● STORED DATA
=== Section Start ===
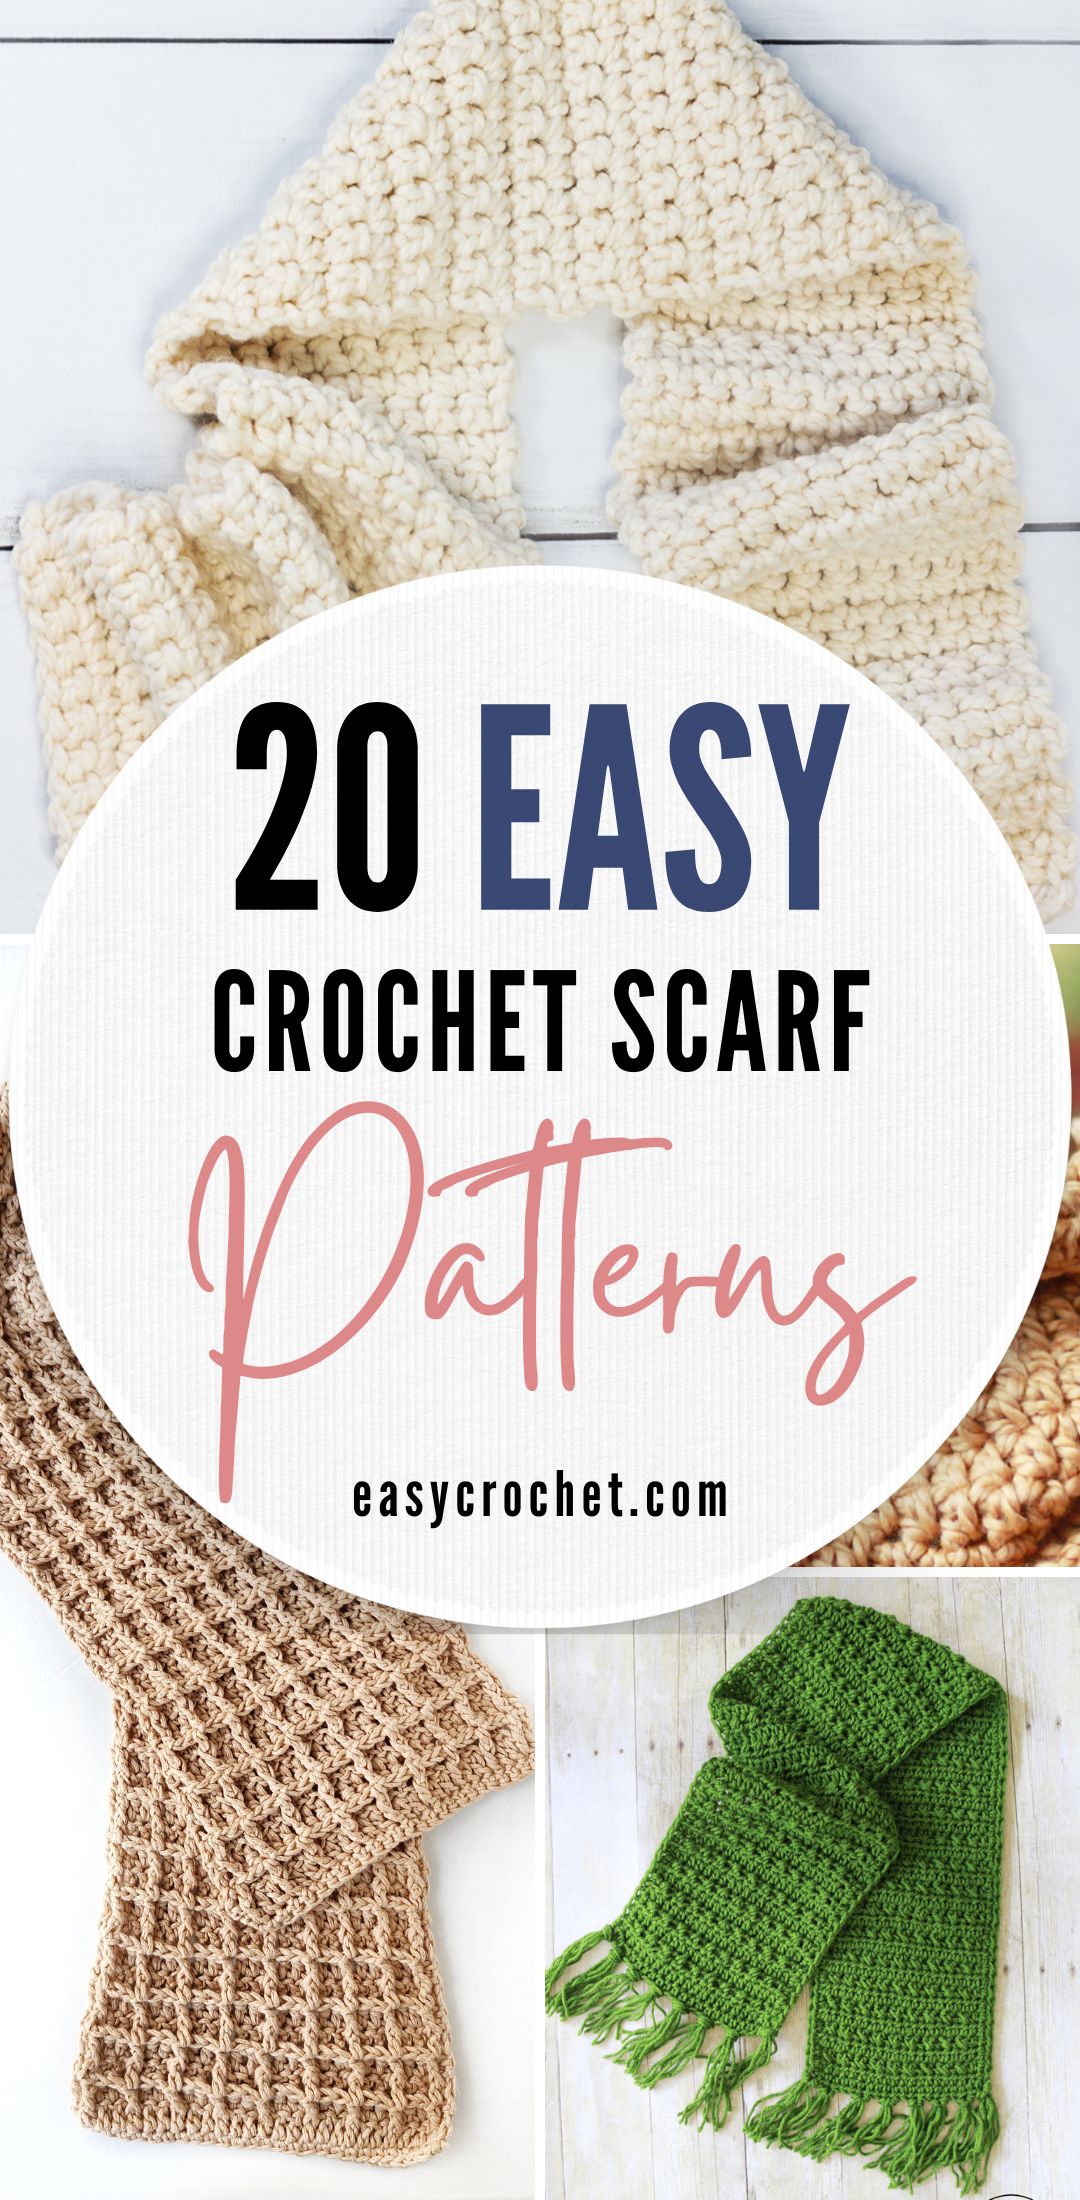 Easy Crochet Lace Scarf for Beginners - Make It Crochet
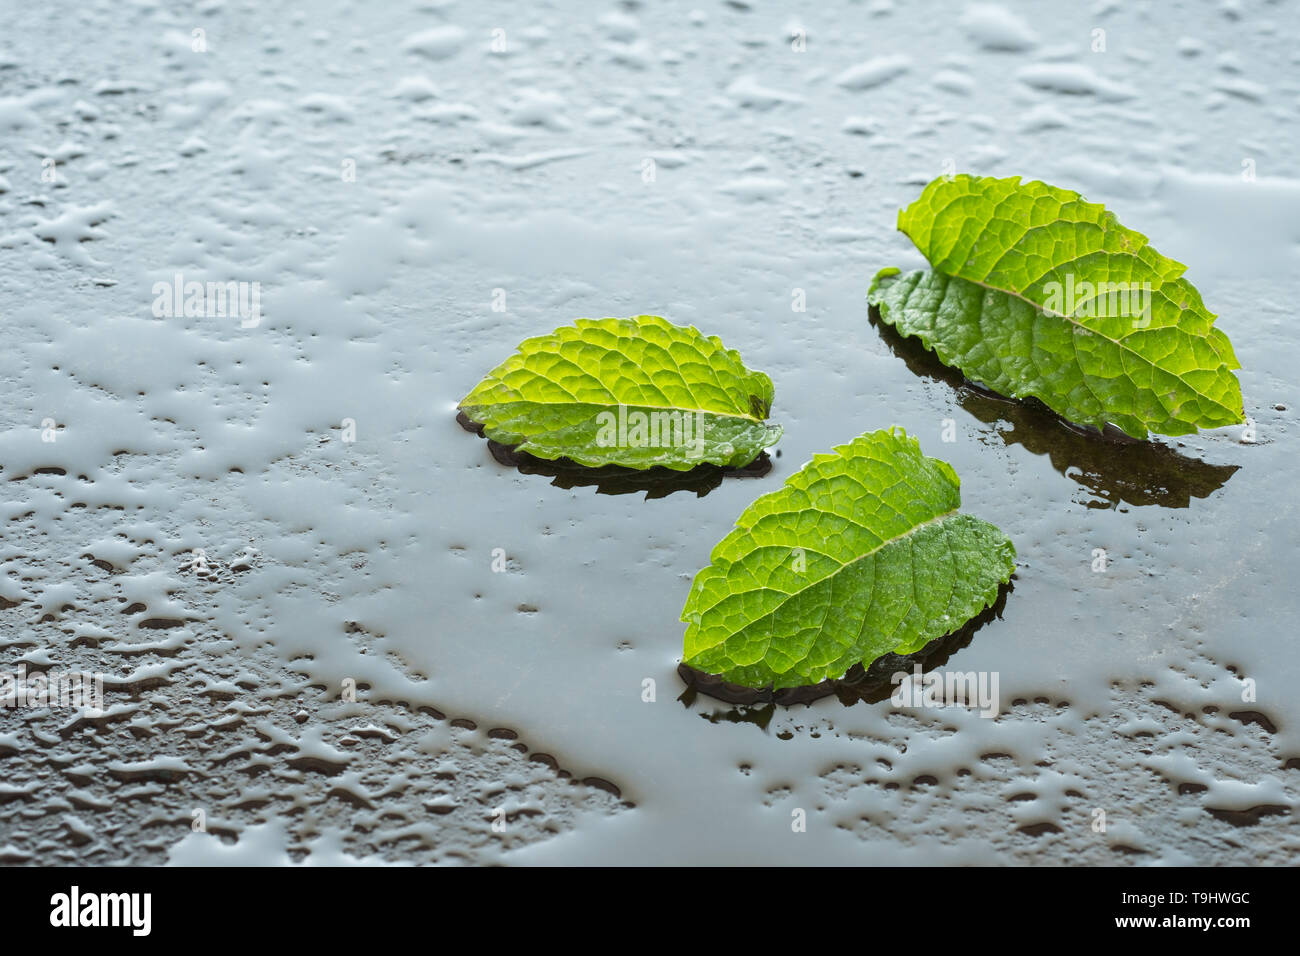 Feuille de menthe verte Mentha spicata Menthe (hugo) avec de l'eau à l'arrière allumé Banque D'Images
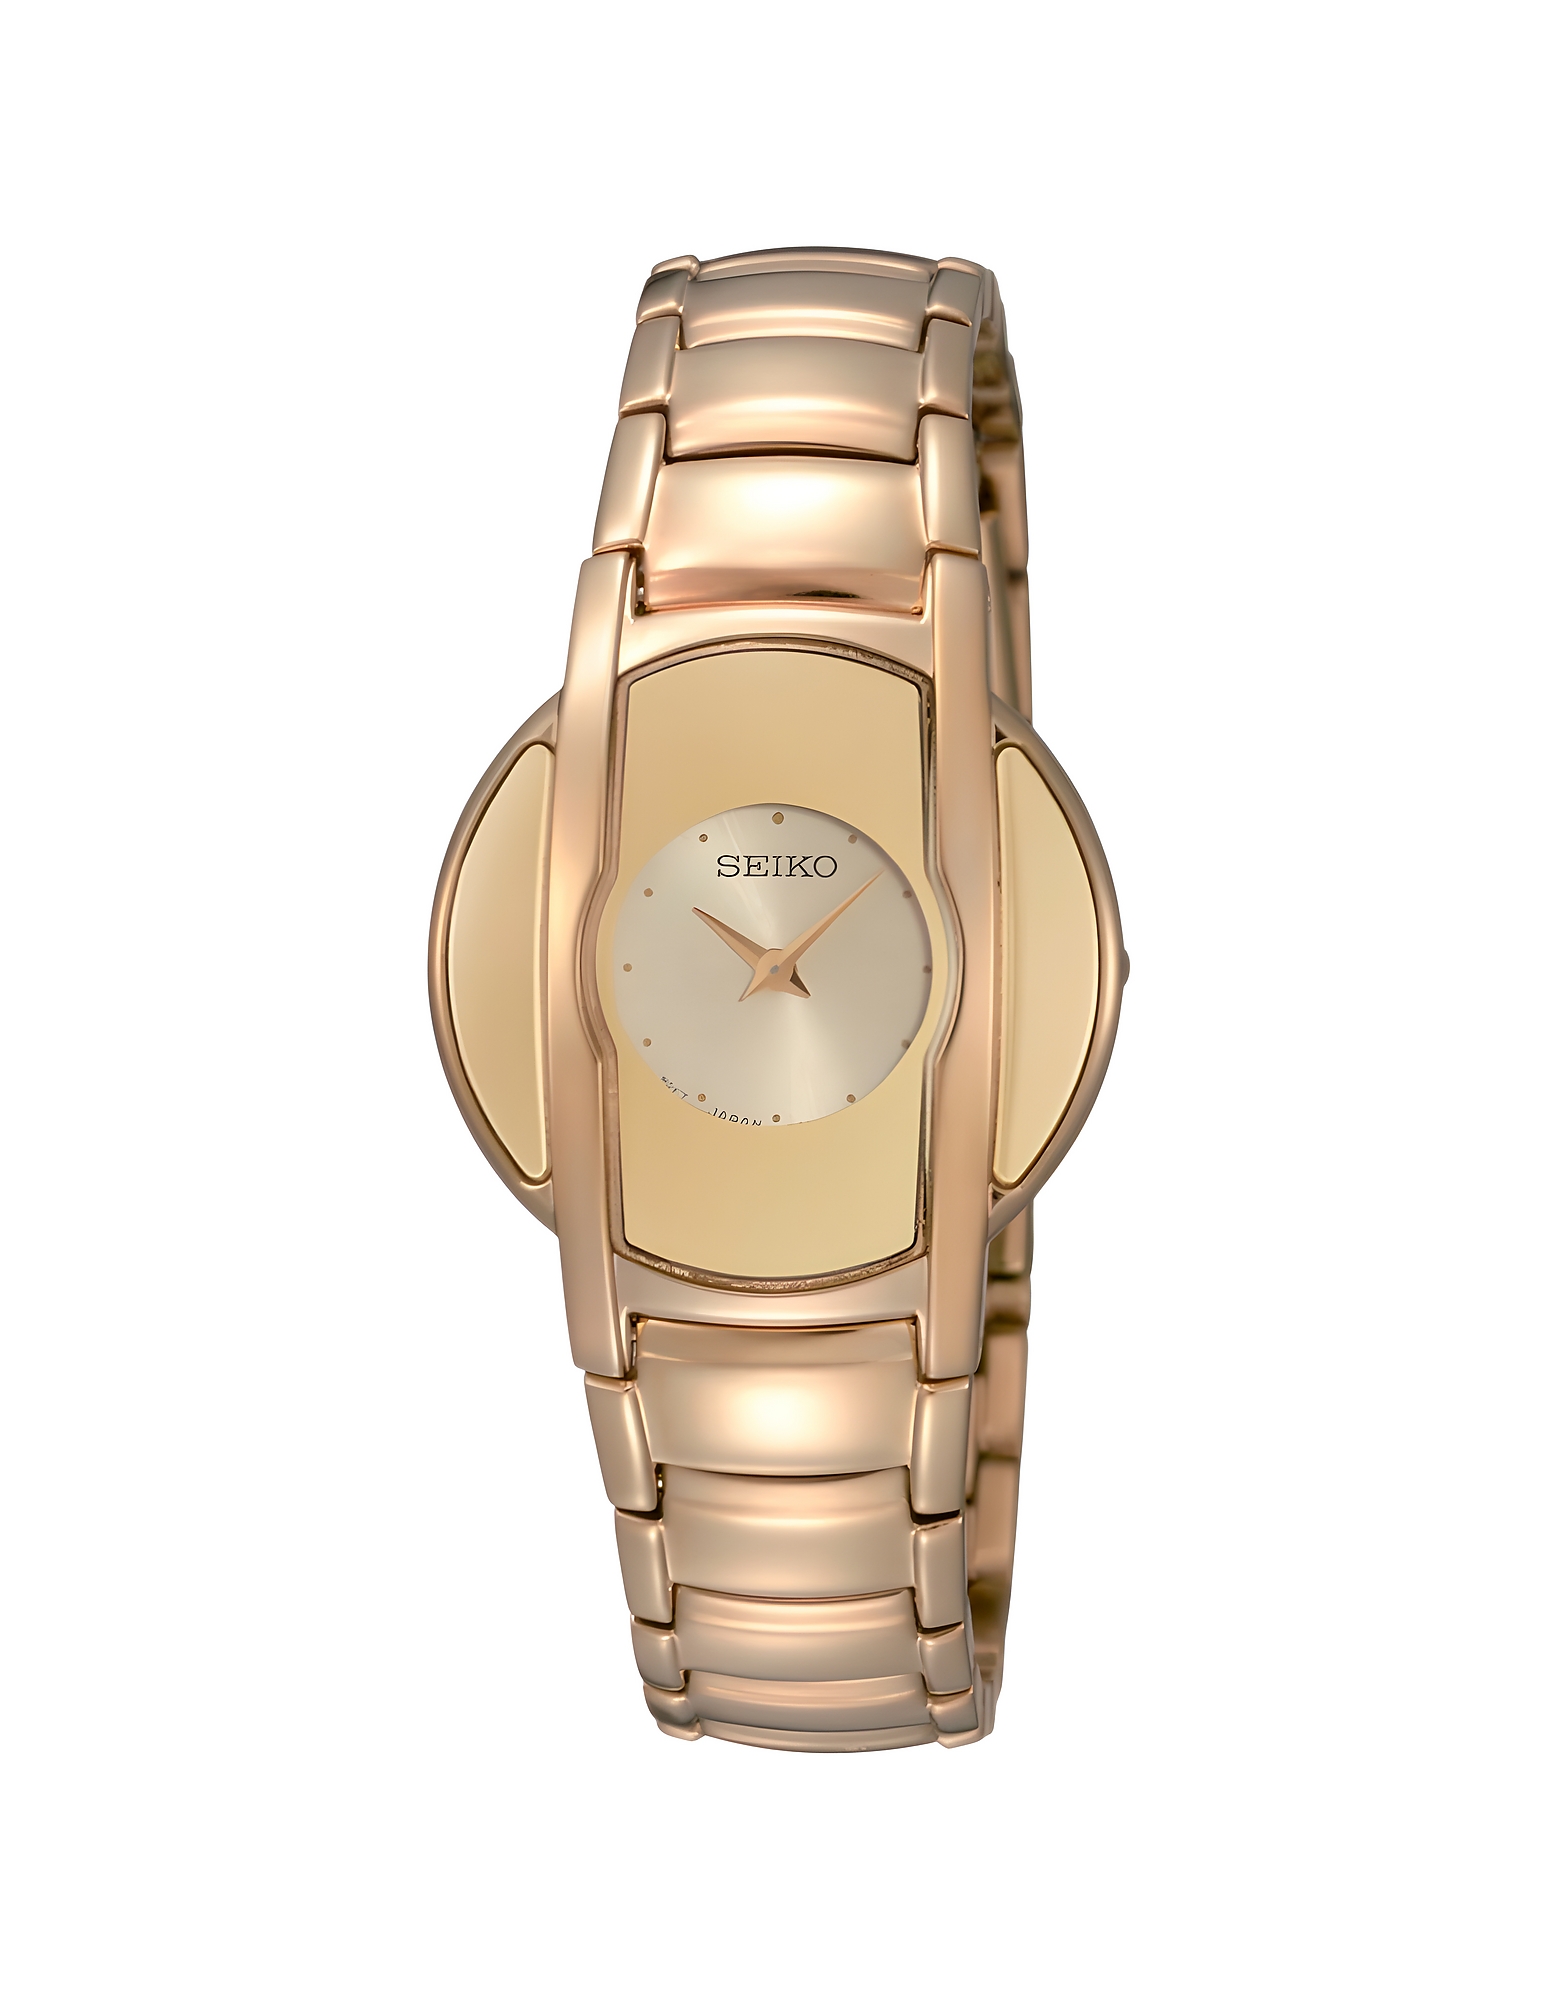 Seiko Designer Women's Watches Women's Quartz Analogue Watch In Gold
=== Section End ===
● WHAT TO DO
Only the lines from the one containing "Feuille de menthe" through the last line of the material should be returned, exactly and without pictures.

● ANSWER BELOW
 Feuille de menthe verte Mentha spicata Menthe (hugo) avec de l'eau à l'arrière allumé Banque D'Images
 Seiko Designer Women's Watches Women's Quartz Analogue Watch In Gold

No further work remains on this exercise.